# Help with BFD (newbie here)



## Mattlock (May 9, 2007)

Just finished building my sub. Here's the specs
1) 690 liters, Sonosub (pic attached..sitting beside my SVS PB12)
2) Ficaraudio Q18 single voice coil, 8 ohms
3) Powered by EP2500 running in bridged mono
4) BFD 1124 (but not setup yet)

The sub sounds awesome right now...but want to make it better :bigsmile:

Attached is a graph of my curve without the BFD...

My settings were 1)EP2500 Gain - max 2) Sub setting on receiver -5.5 3) Volume set @ -20

I'd like to get some feedback on suggestions for setting my filters...What would be a good point for my line? (newbie here so I'm keeping it simple)
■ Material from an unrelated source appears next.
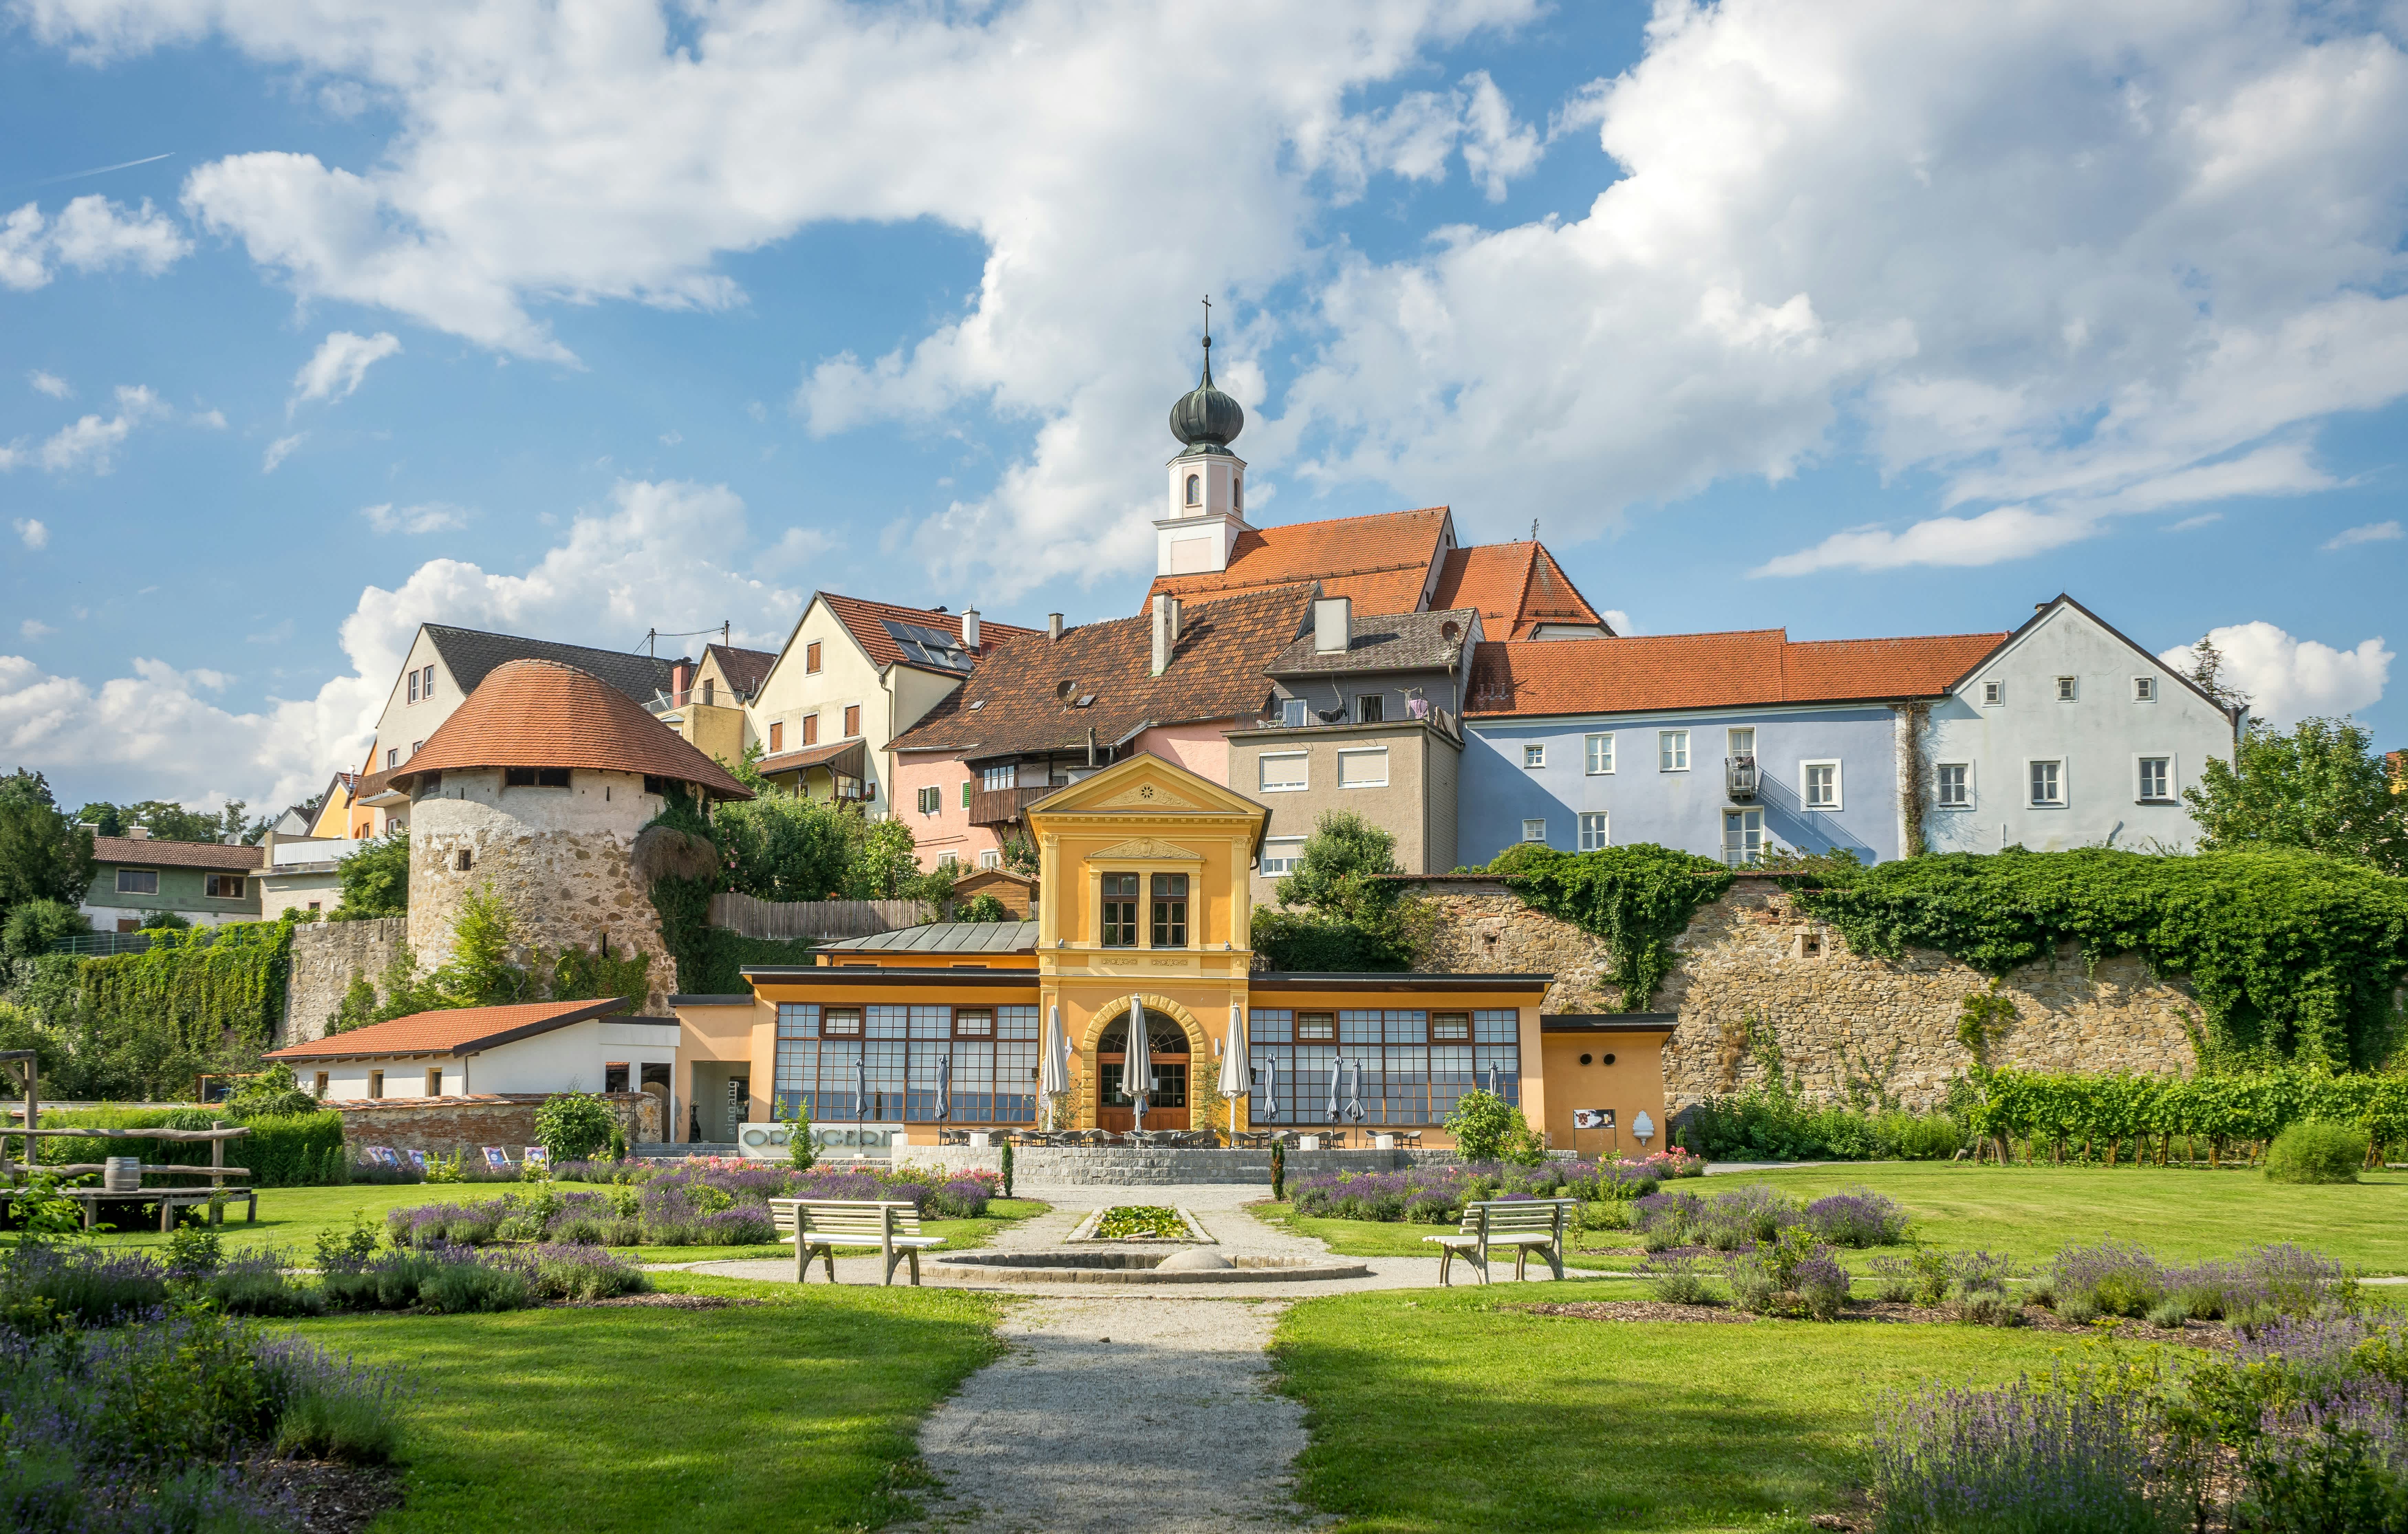 Erleben Sie die hohe Lebensqualität und regionale Highlights von Steyregg, Oberösterreich. Entdecken Sie die Schönheit dieser Region! #Steyregg #Oberösterreich
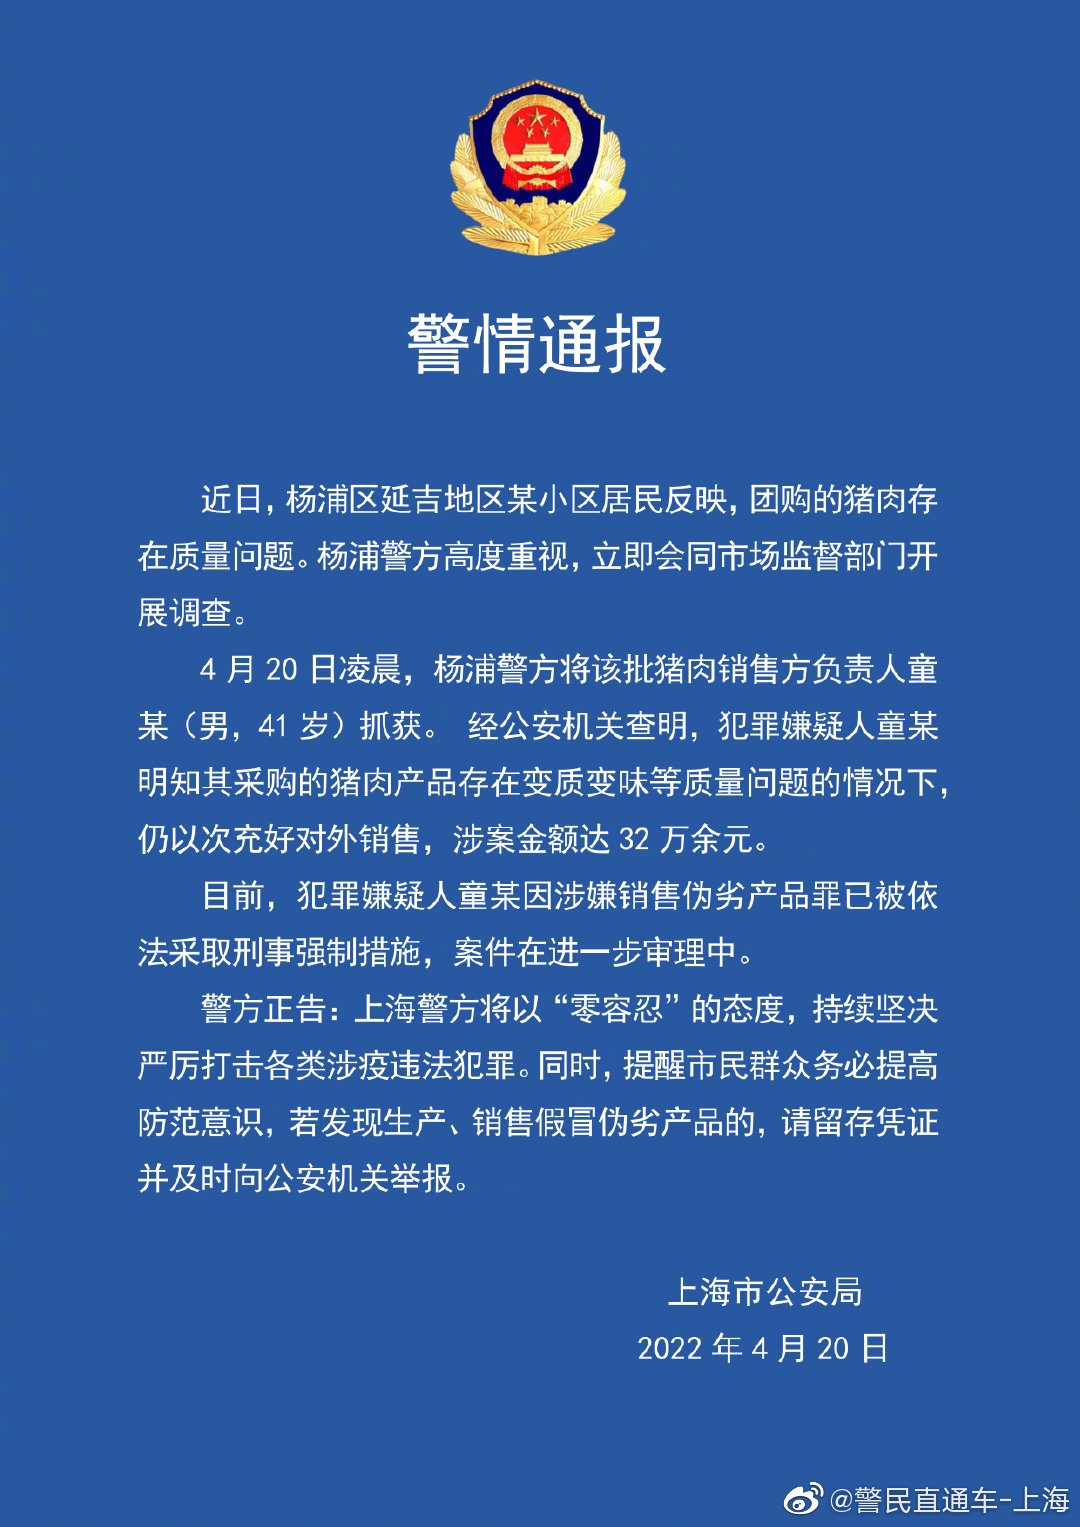 上海：居民团购猪肉存质量问题，销售方负责人被依法采取刑事强制措施

Keep in mind that my theater is used 100% for movies...

thanks
Matt


----------



## Sonnie (Apr 11, 2006)

Is that your sonosub only or does it include the SVS and mains also?


----------



## Mattlock (May 9, 2007)

that is my sonosub (not PB12) and the mains....didnt know if the mains would be contributing under the crossover point...80hz


----------



## brucek (Apr 11, 2006)

Can you provide a response of the sub alone taken from the listening position (using the standard crossover you like to use)..

brucek


----------



## Mattlock (May 9, 2007)

brucek said:


> Can you provide a response of the sub alone taken from the listening position (using the standard crossover you like to use)..
> 
> brucek


will do Bruce...just bought a USB soundcard...will try my hand at REW soon


----------



## brucek (Apr 11, 2006)

> will try my hand at REW soon


Yeah, REW is really the way to go. The time spent learning how to use it will be worth it..

brucek


----------